Manuk (voiced by Joshua Ahn), pretending to shoot a gun, exchanges a few battle cries with his absent father, and throws a rock at a man on a bicycle, who crashes. It is the postman, who nevertheless has delivered a parcel. Manuk walks home, unwraps the mysterious parcel and plays with its contents.
Summary by Antoinette Starkiewicz.
The boy’s identification with his soldier father is clearly shown; Manuk acts as if he were really on the battlefield with him. The strong father and son link is reinforced in this heartbreaking sequence in which Manuk – the innocent, uncomprehending child – examines the parcel’s tragic contents, makes them his own and continues to play at being a soldier.
One day in the life of Manuk (voiced by Joshua Ahn), a little boy playing at being a soldier among the devastation of the Korean War, 1951. His father is away, a real soldier at war. Returning home, the boy opens a parcel, taking it to be a birthday present. Unfortunately it’s not, but the boy is too young to understand the tragic meaning of its contents.
A heart-rending story, based on the author’s own childhood in Korea, Birthday Boy is told with dramatic camera angles, an illustrator’s eye for background detail and the animator’s great skill at characterisation. ‘I had to find a little boy’s mannerisms and make it clear in my animation that this is a little boy’, recalled the film’s director and animator, Sejong Park.
The film is Park’s first 3D animation. Arriving in Australia in 1999, he was already a skilled commercial illustrator, and worked as an in-between artist on the traditionally animated, 2D feature Return to Neverland (2002). He acquired his technical skills in 3D animation as a student in the digital department of AFTRS, where he made Birthday Boy.

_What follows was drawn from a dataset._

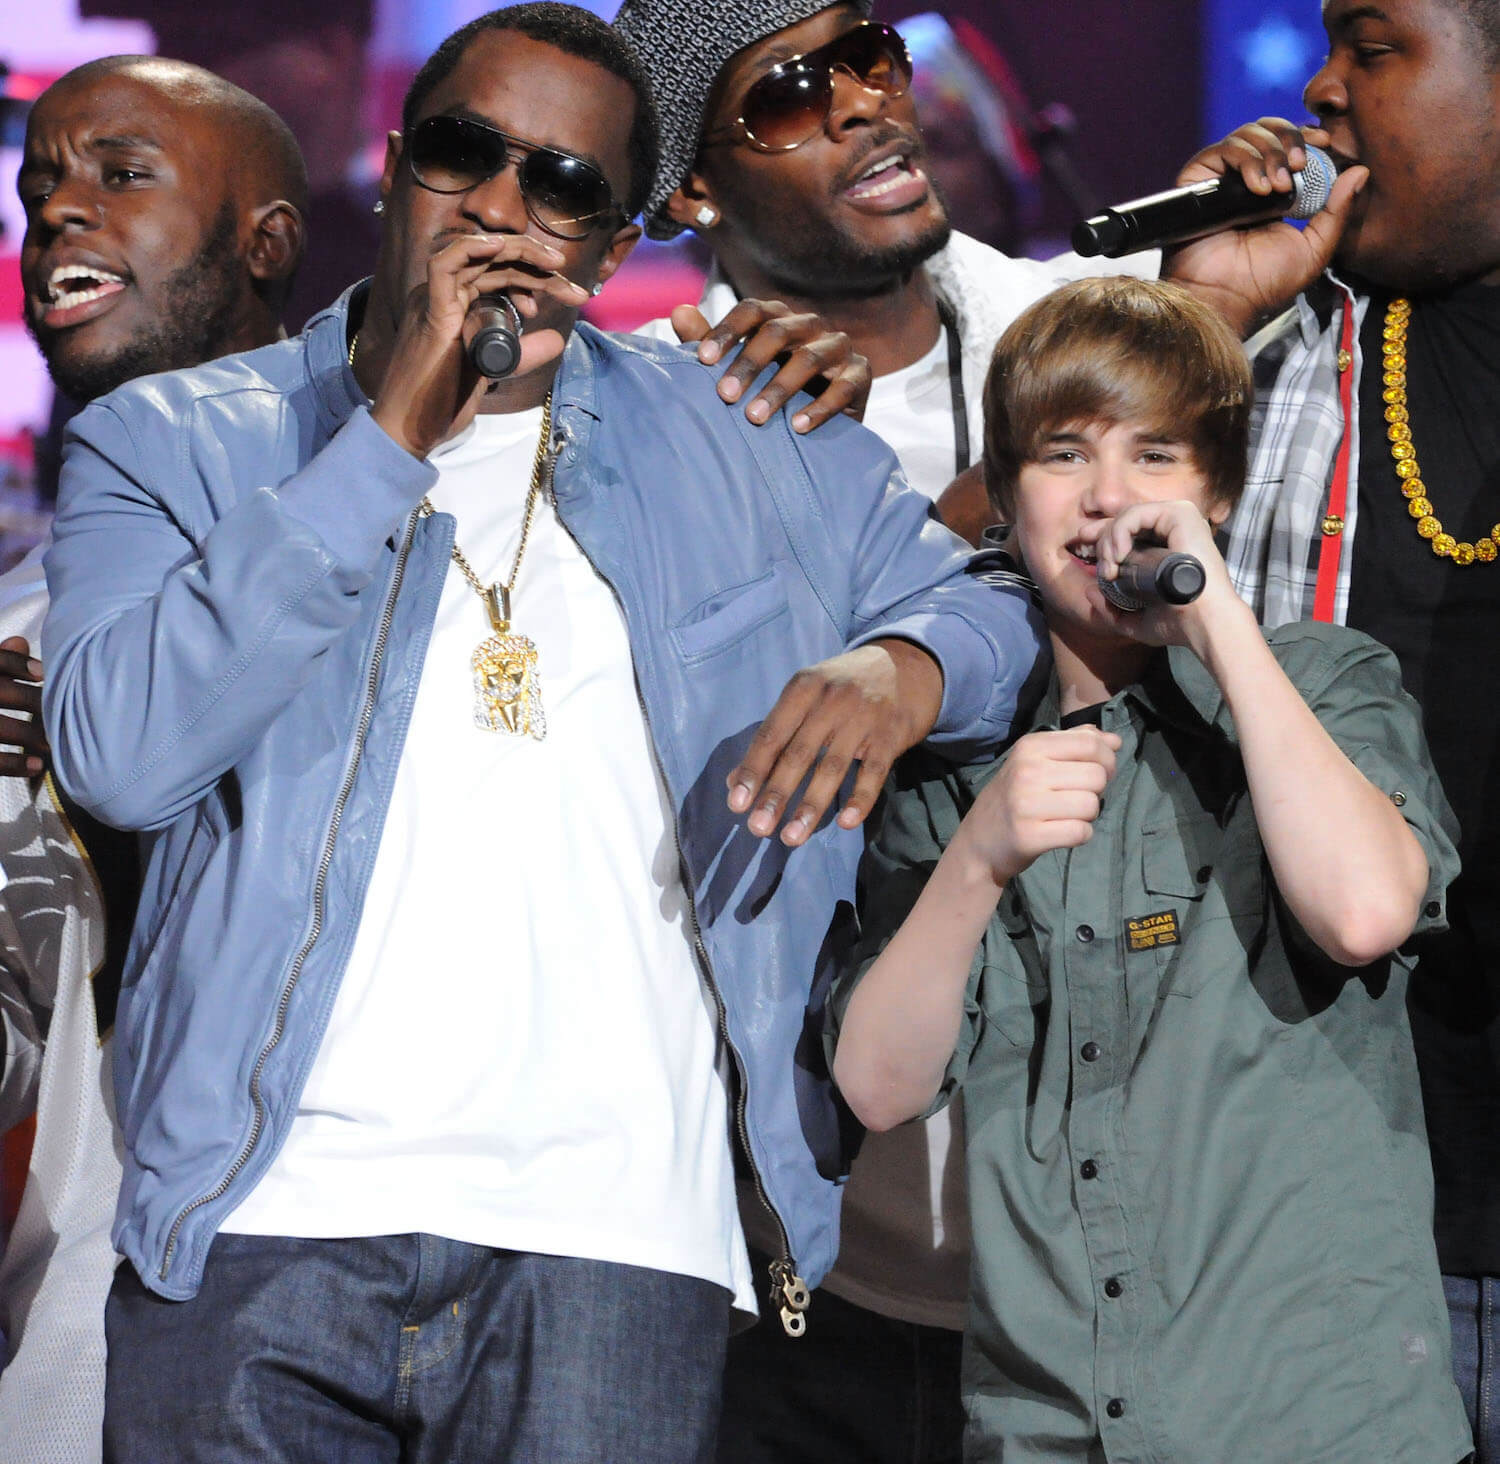 Sean ‘P. Diddy’ Combs Once Said He Couldn’t ‘Disclose’ Why He Was Hanging Out With 15-Year-Old Justin Bieber

Stylistically, rarely does 3D and CGI show such sensitivity. The challenge of 3D animation is to show convincing human movement and facial expression, which in the hands of less talented animators can be merely robotic versions of life. Park meets this challenge in imbuing Manuk with convincing animation and facial expression, which are remarkable, given that this is his first 3D film.
In content, Park has succeeded in making a film for both children and adults: children can identify with the little boy, as adults will appreciate the playful child, oblivious to tragedy. The soundtrack is delicately nuanced (by sound mixer Chris McKeith) to evoke a feeling of childhood innocence and a harsh, war-torn land.
In 2004, Birthday Boy won the AFI Award for Best Short Animation and the Yoram Gross Animation Award at the Sydney Film Festival. Internationally, the film received the 2004 BAFTA Award for Best Animated Short, and was also nominated for an Oscar for Best Animated Short (the winner was another original and personal re-creation of a three-dimensional world, Ryan, 2004, by Chris Landreth).